The Department cannot be responsible for rematching this large
percentage of the total data base. Further, the mismatched U.S. models
could only be re-matched to a limited set of similar home market sales
for which no difmer information had been provided by respondent.
Therefore, the majority of U.S. sales would be subject to some form of
BIA. In combination with other discrepancies, these problems call into
question the reliability of the entire U.S. database. Due to the number
and extent of the discrepancies discovered at the verification, the
Department is basing the final determination in this investigation on
BIA.
In spite of the outcome at verification, we find that the
respondent cooperated in this investigation. The numerous mistakes,
omissions and deficiencies which were not corrected, clarified or
amplified in a timely manner require the use of BIA. While some of
these deficiencies, by themselves, may not have led to the use of total
BIA, the collective discrepancies and deficiencies discovered at
verification undermine the basic reliability of the submitted
information.
Given the Department's use of BIA, other comments submitted by the
parties in their briefs in this investigation are moot, and will not be
addressed in this notice.
Continuation of Suspension of Liquidation
In accordance with section 735 of the Act, we are directing the
Customs Service to continue to suspend liquidation of all entries of
defrost timers produced or exported from Japan, that are entered, or
withdrawn from warehouse, for consumption on or after August 24, 1993.

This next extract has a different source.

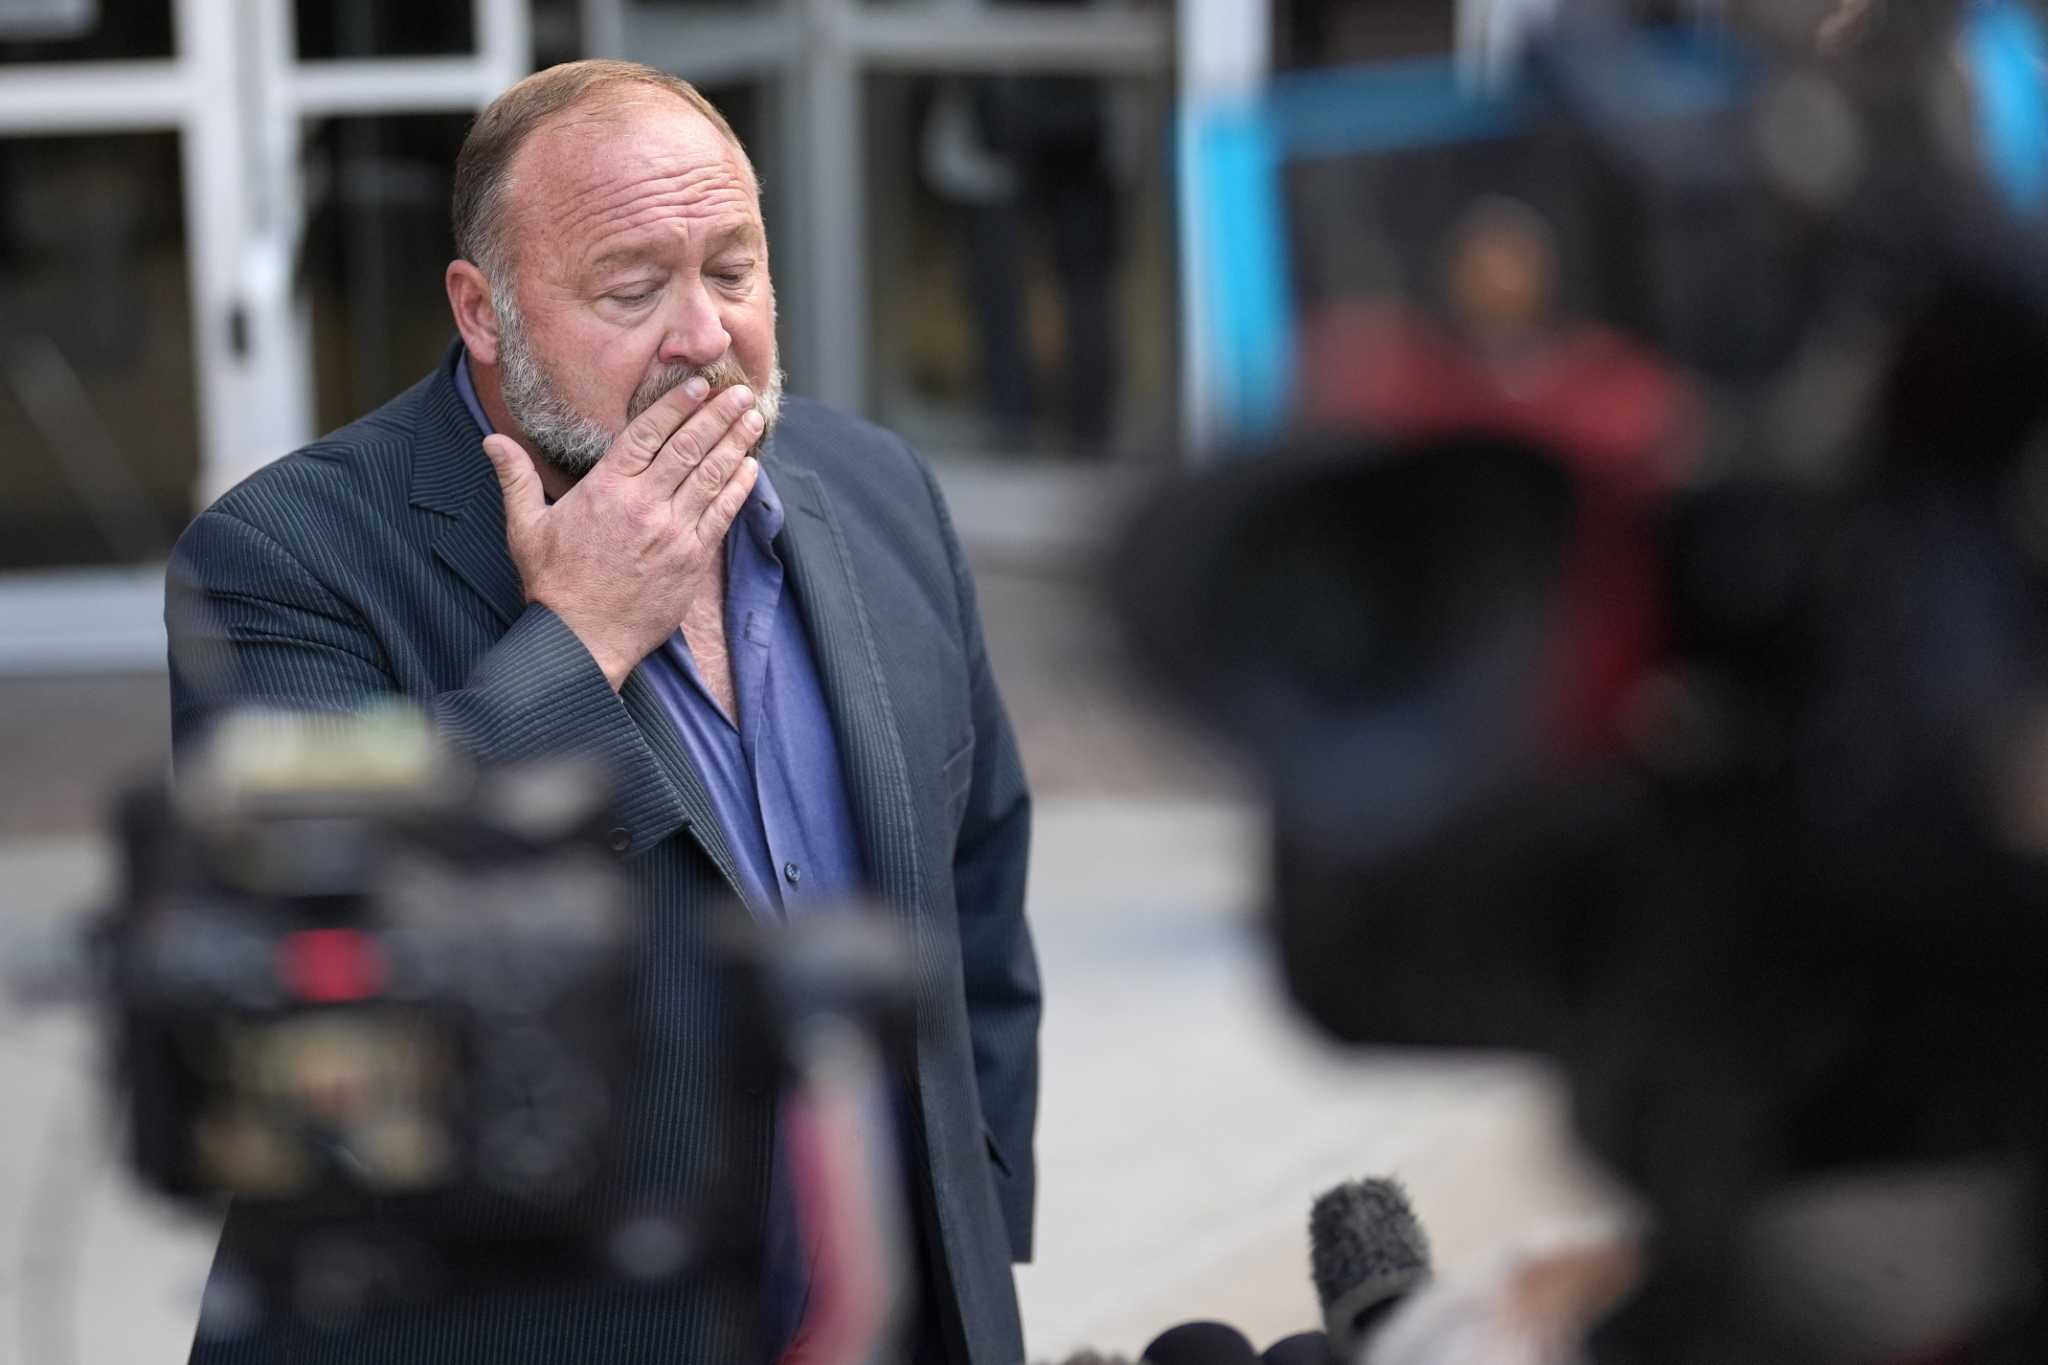 Alex Jones’ personal assets to be sold to pay $1.5B Sandy Hook debt. Company bankruptcy is dismissed

The Customs Service shall require a cash deposit or posting of a bond
equal to the estimated final dumping margin, as shown below. The
suspension of liquidation will remain in effect until further notice.
------------------------------------------------------------------------
Margin
Manufacturer/producer/exporter percentage
------------------------------------------------------------------------
Sankyo Seiki Manufacturing Co. Ltd.......................... 83.67
All others.................................................. 83.67
------------------------------------------------------------------------
International Trade Commission Notification
In accordance with section 735(d) of the Act, we have notified the
International Trade Commission (ITC) of our determination.
Notification to Interested Parties
This notice also serves as the only reminder to parties subject to
administrative protective order (APO) of their responsibility
concerning the return or destruction of proprietary information
disclosed under APO in accordance with 19 CFR 353.34(d). Failure to
comply is a violation of the APO.
This determination is published pursuant to section 735(d) of the
Act (19 U.S.C. 1673d(d)) and 19 CFR 353.20(a)(4).
Dated: January 6, 1994.
Joseph A. Spetrini,
Acting Assistant Secretary for Import Administration.